Теперь Серафим разглядывал не книги, а картину на стене.
- По делу. Надоедливый, - проговорил морщась Лев. - Прости, пожалуйста.
- Много у тебя дел? - спросил Серафим, не сводя глаз с олеографии, изображавшей женщину в красном и черного, как сажа, пуделя.
- Да, зарабатываю, статьи, всякая всячина, - неопределенно ответил Лев. - А ты, - ты, значит, ненадолго сюда?
- Завтра, вероятно, уеду. Я и сейчас к тебе ненадолго. Мне еще сегодня нужно...
- Садись, - что же ты...
Серафим сел. Помолчали. Обоим хотелось пить.
- Насчет книг, - сказал Серафим. - То да се. Нет времени. Вот в поезде... случайно попалась... От нечего делать прочел. Роман. Ерунда, конечно, но довольно занятно, о кровосмесительстве. Ну-с...
Он обстоятельно рассказал содержание. Лев кивал, смотрел на его солидный серый костюм, на большие гладкие щеки, смотрел и думал: "Неужели надо было спустя десять лет опять встретиться с братом только для того, чтобы обсуждать пошлейшую книжку Леонарда Франка? Ему вовсе не интересно об этом говорить, и мне вовсе не интересно слушать. О чем я хотел заговорить? Какой мучительный вечер".
- Помню, читал. Да, это теперь модная тема. Ешь конфеты. Мне так совестно, что нет чаю. Ты, говоришь, нашел, что Берлин очень изменился. (Не то. Об этом уже было.)
- Американизация, - ответил Серафим. - Движение.

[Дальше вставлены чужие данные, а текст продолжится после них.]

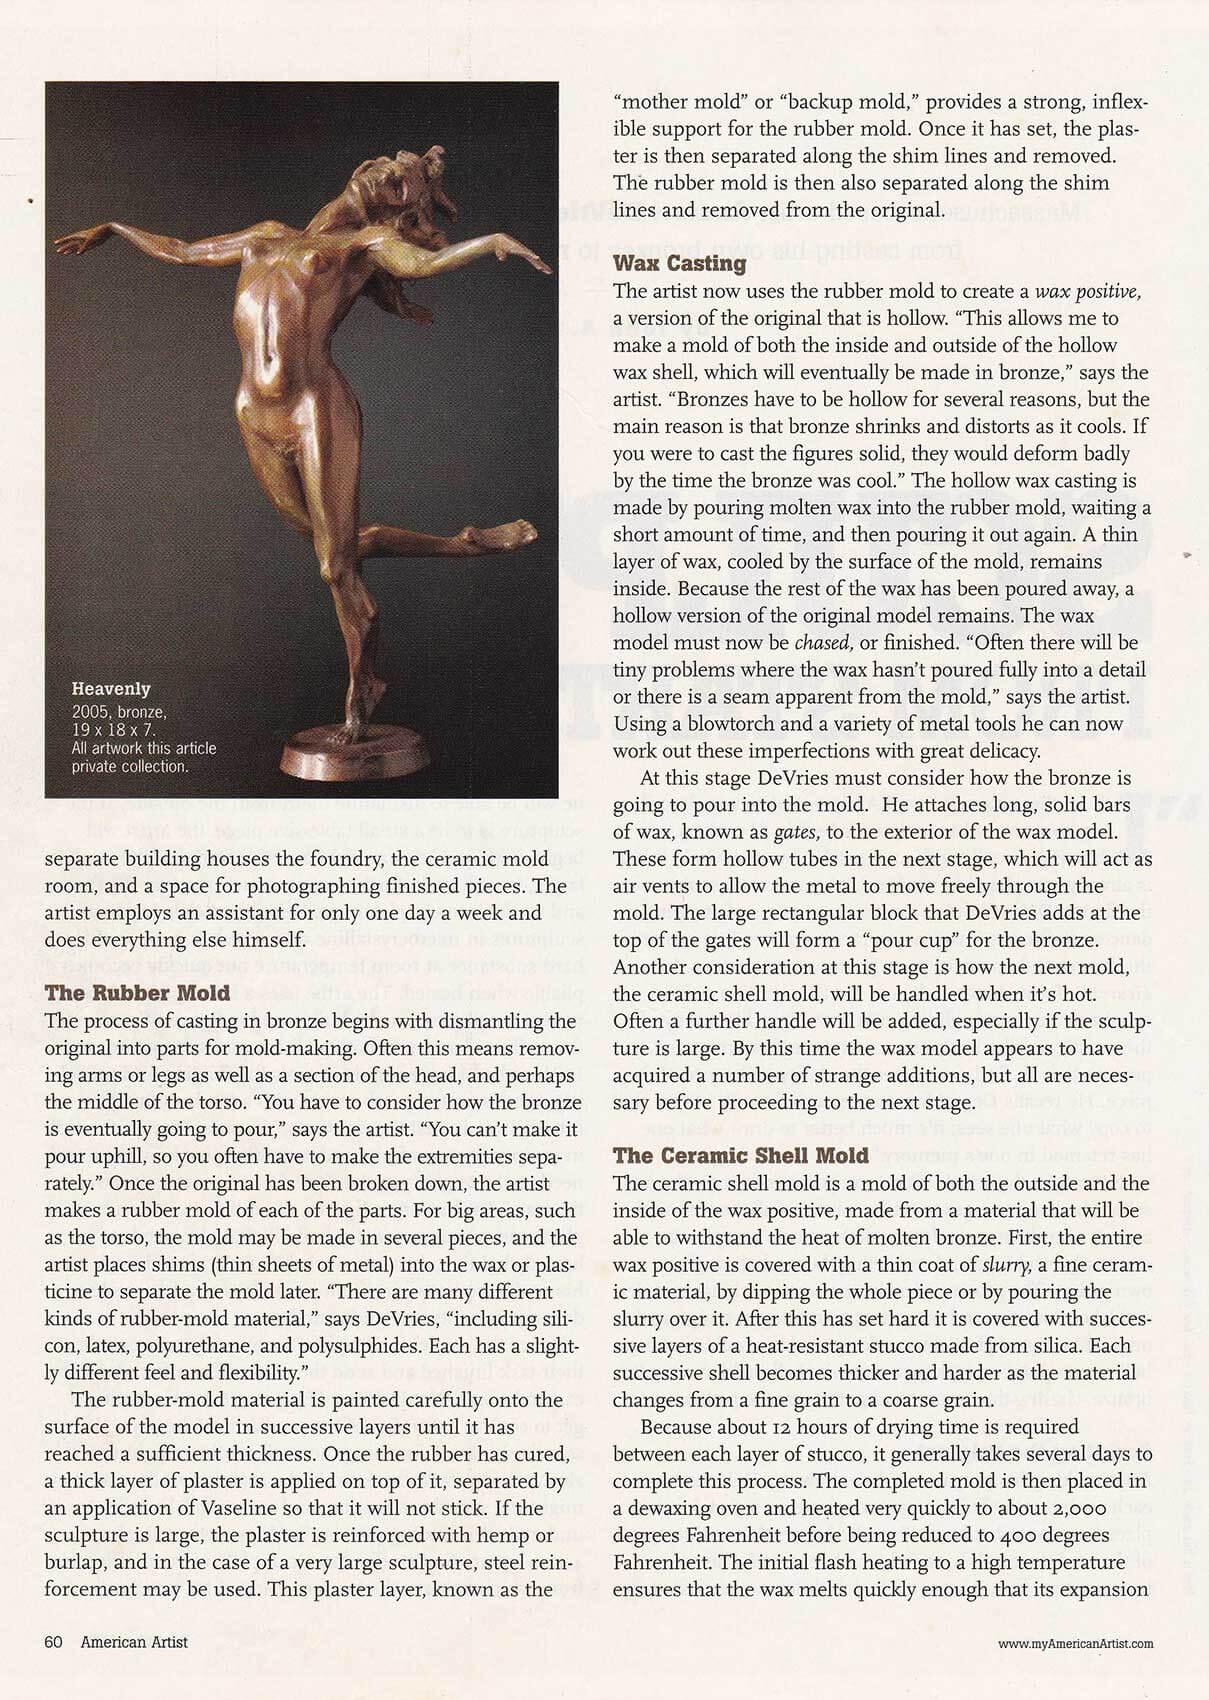 American Artist magazine December 2007page 60

Замечательные дома.
Пауза.
- Я хотел спросить тебя, - судорожно сказал Лев. - Это не совсем твоя область, но вот - здесь, в журнале... Я не все понял. Вот это, например. Эти его опыты.
Серафим взял журнал и стал объяснять. "Что же тут непонятного? До образования магнитного поля, - ты знаешь, что такое магнитное поле? - ну вот, до его образования существует так называемое поле электрическое. Его силовые линии расположены в плоскостях, которые проходят через вибратор. Заметь, что, по учению Фарадея, магнитная линия представляется замкнутым кольцом. Между тем как электрическая всегда разомкнута, - дай мне карандаш, - впрочем, у меня есть, - спасибо, спасибо, у меня есть".
Он долго объяснял, чертил что-то, и Лев смиренно кивал. О Юнге, о Максвелле, о Герце. Прямо доклад. Потом он попросил стакан воды.
- А мне, знаешь, пора, - сказал он, облизываясь и ставя стакан обратно на стол. - Пора. - Он вынул откуда-то из живота толстые часы. - Да, пора.
- Что ты, посиди еще, - пробормотал Лев, но Серафим покачал головой и встал, оттягивая книзу жилет. Его взгляд снова уставился на олеографию: женщина в красном и черный пудель.
- Ты не помнишь, как его звали? - сказал он, впервые за весь вечер непритворно улыбнувшись.
- Кого? - спросил Лев.
- Помнишь, - Тихотский приходил к нам на дачу с пуделем. Как звали пуделя?
- Позволь, - сказал Лев. - Позволь. Да, действительно... Я сейчас вспомню.
- Черный такой, - сказал Серафим. - Очень похож. Куда ты мое пальто... Ах, вот. Уже.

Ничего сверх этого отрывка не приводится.